As I pulled into the Chevron gas station on Telegraph Avenue about mid day, I hardly lamented at all about the few more stones that I would be adding to my mountain of debt by filling my tank courtesy of the good folks at Chase Bank. I'm almost numb to it at this point. The running tally in my head has surely exceeded what I think it is, but I'm in the ballpark at least. I put the car in park and fumbled for the aforementioned credit card as I stepped out of the car toward the pump number 2. Out of the corner of my eye I noticed a thin, haggard looking woman in a red jacket approaching. We exchanged pleasantries and I braced myself for the request that would undoubtedly come next.

"I'm not going to ask you for any change, brotha...,"

"That's a relief," I thought to myself, feeling bad that I had no coins to offer her even if she did wanted them. I smiled and let her continue, being sure to give her the proper respect due and looking her in the eye.

"I've been living in the park with my twins for about the last year and a half and I haven't eaten in about 3 days so I was wondering if you could just get me something to eat? Qwik way is right there."

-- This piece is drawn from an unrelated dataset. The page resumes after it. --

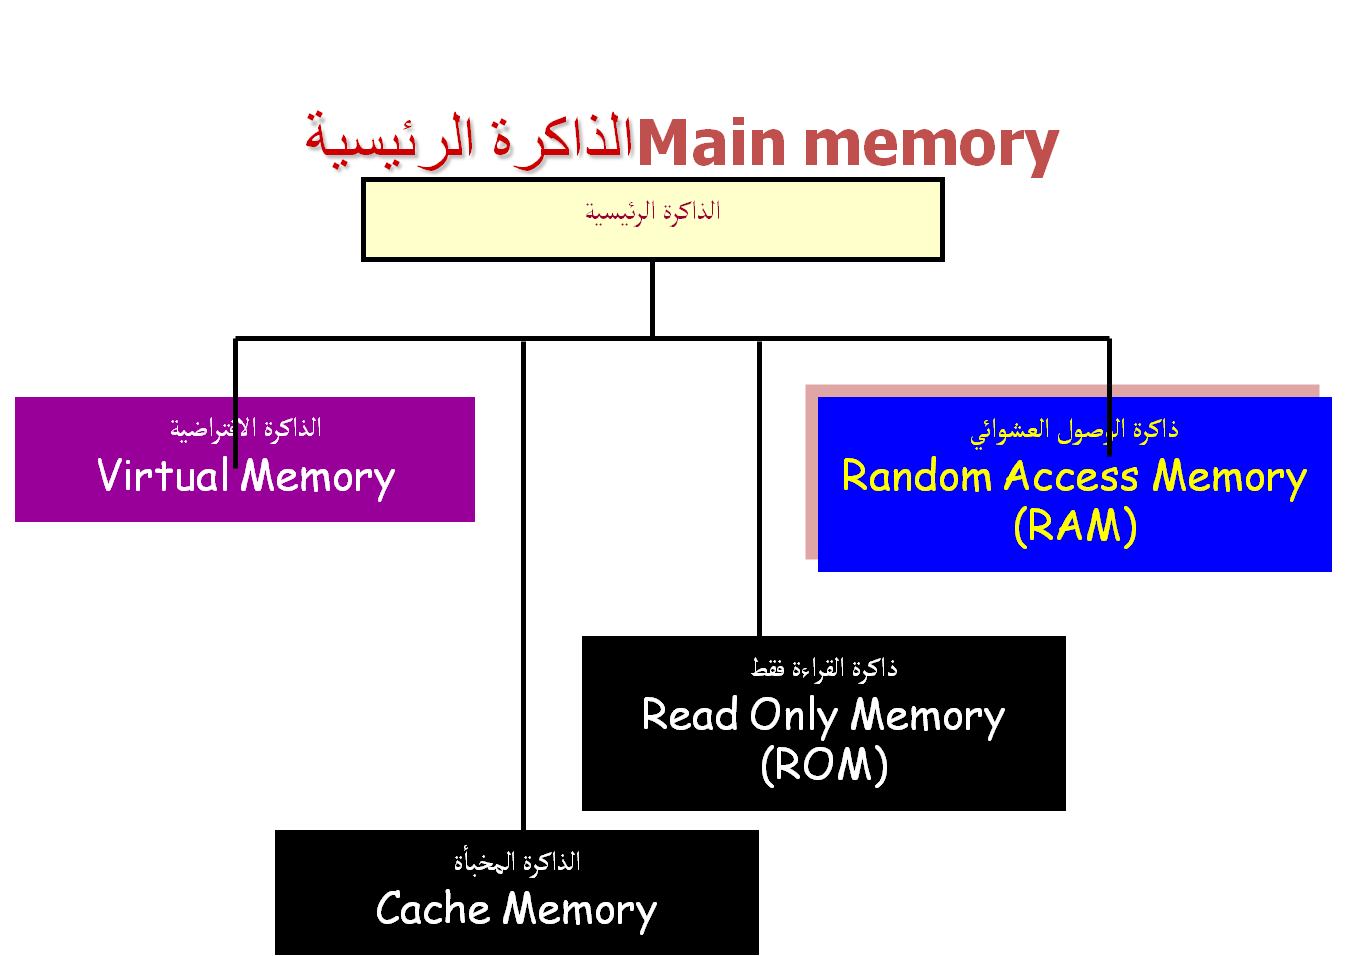 الرئيسية هي للحاسب الذاكرة نقصد بالمصطلح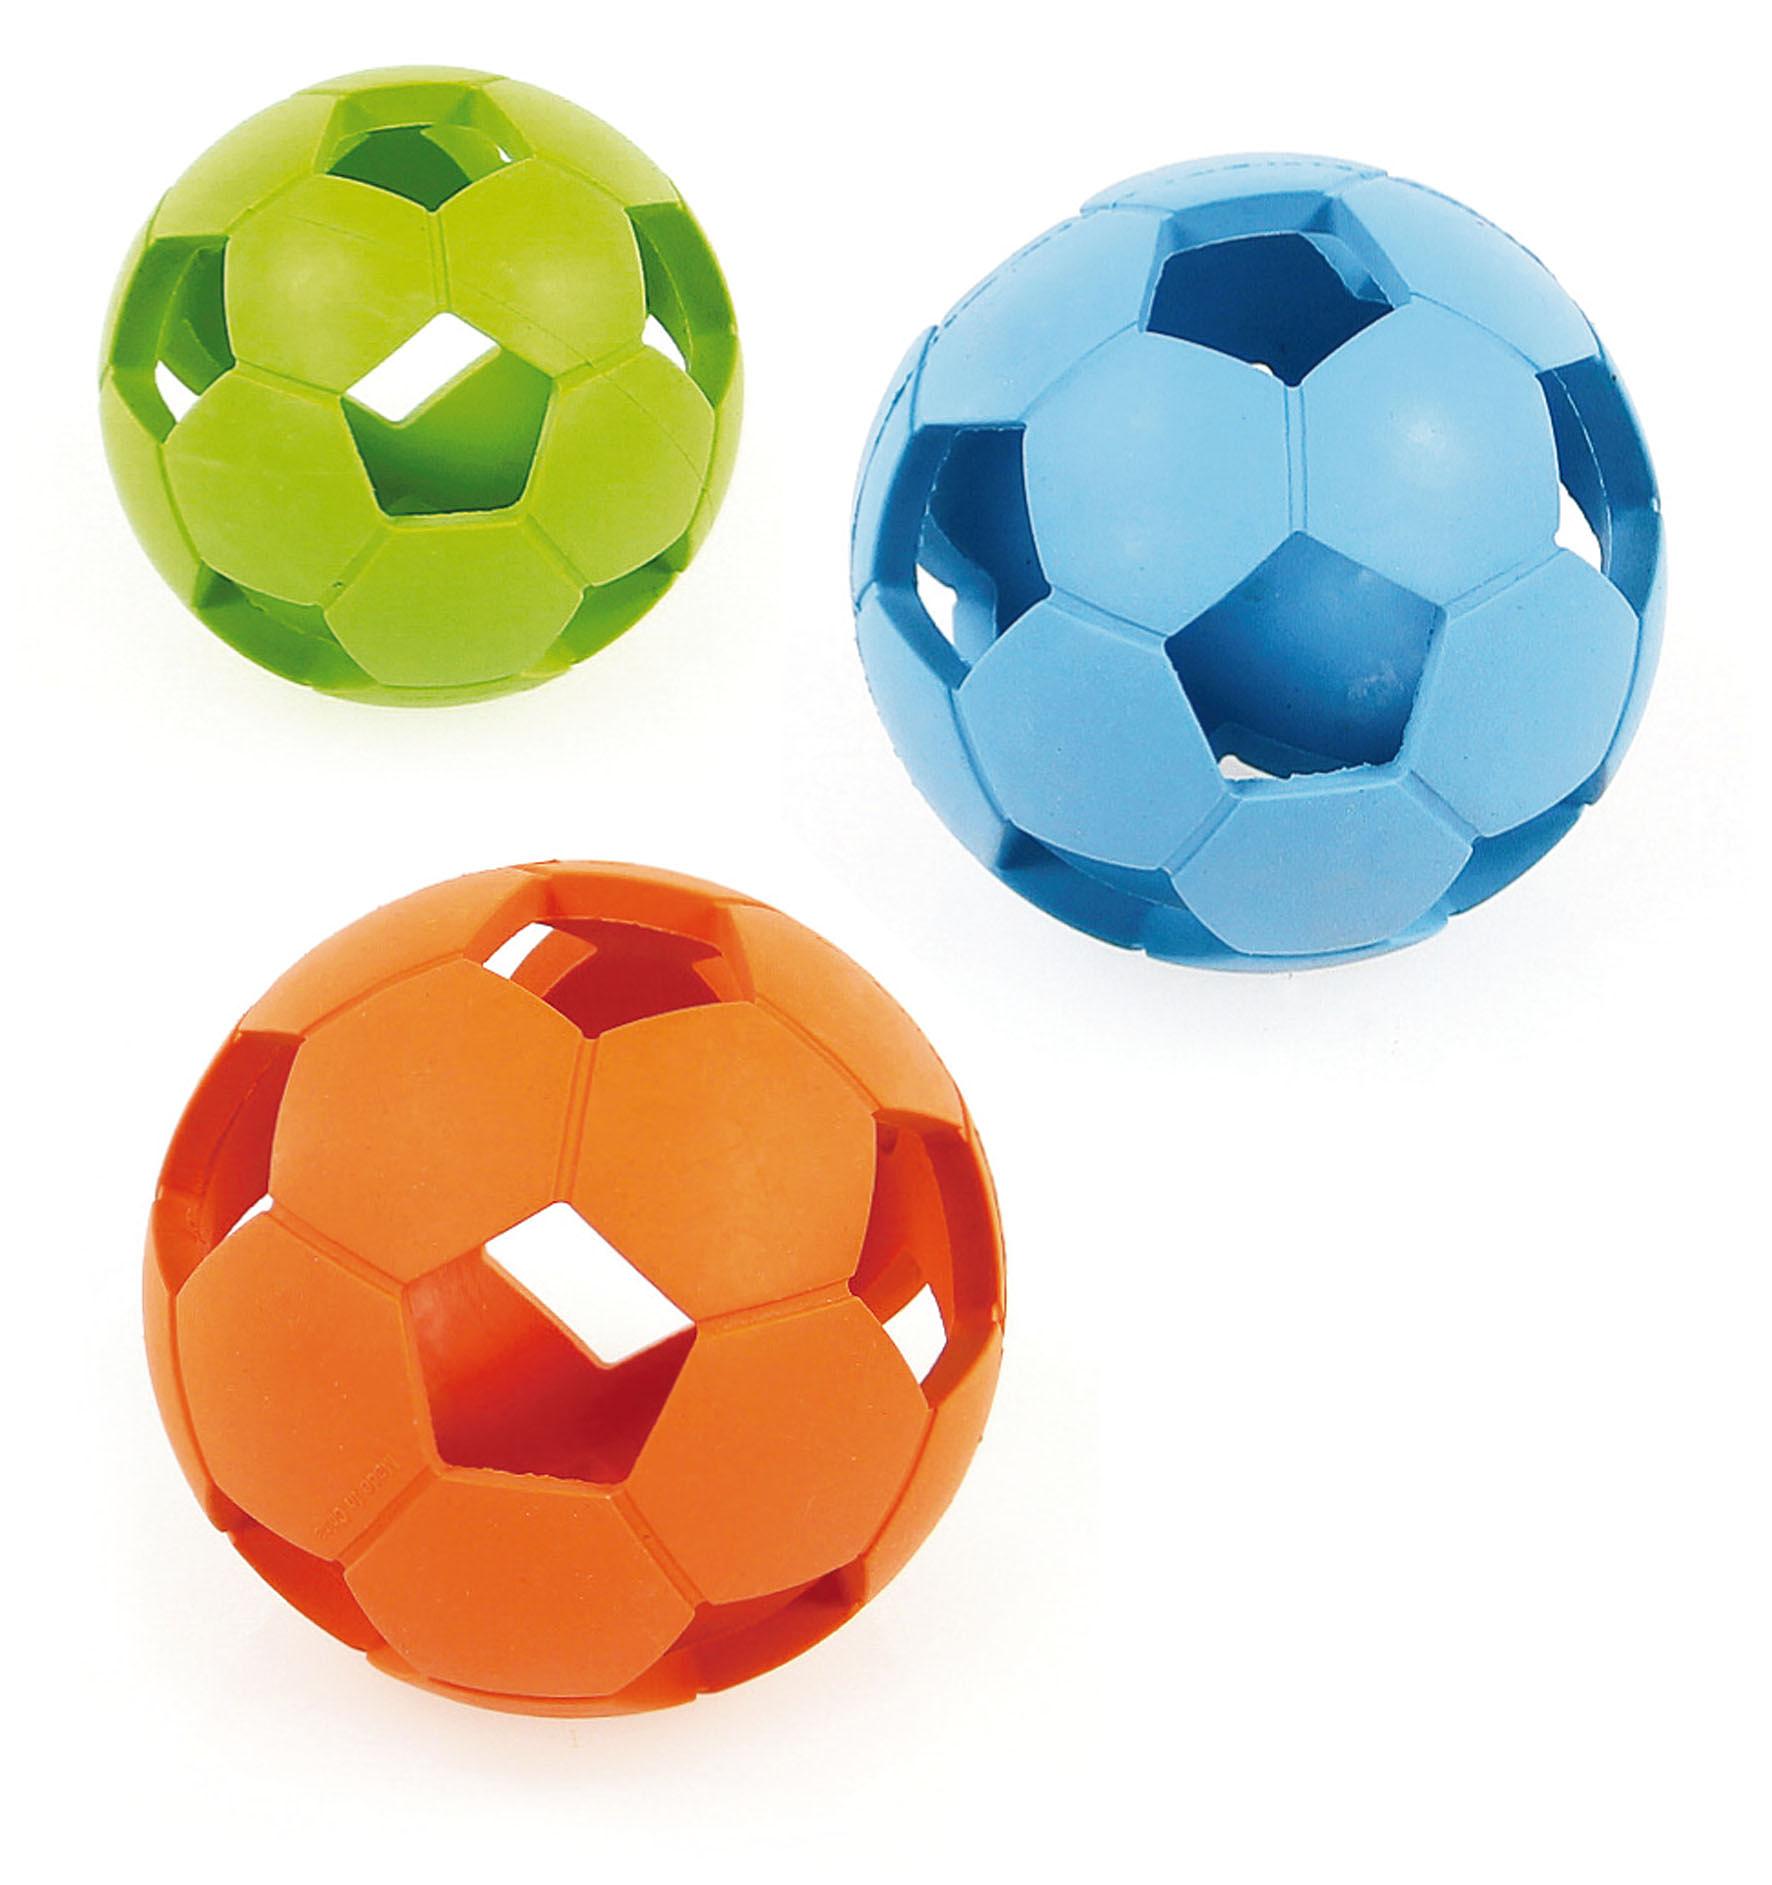 swisspet Hundespielzeug Weichgummi-Fussball

I thought this a wonderful idea, but told her that I was pretty sure that they didn't take credit cards over there. The two of us looked around at all of the adjacent corners and briefly discussed the possibility of Taco Bell and what she'd like from their menu. She said that she didn't really know since she hadn't been in there in some time. Meanwhile, the pump was not cooperating so I was not putting gas into the tank. Getting frustrated as the gael-force winds were blowing right through me, I headed inside the station to have the attendant run my card. The lady followed me in there and said that she would be happy to get something from the mini-mart, which was just fine with me.

I ended up charging a chili cheese dog, a drink, and a couple of cookies for her and then she thanked me as we both walked out by my car again. She had a big smile on her face as she walked away and turned back once again to say, "take care, Handsome" as she headed out toward the sidewalk. I smiled too and then got back in my car as the gas continued to pour into my tank.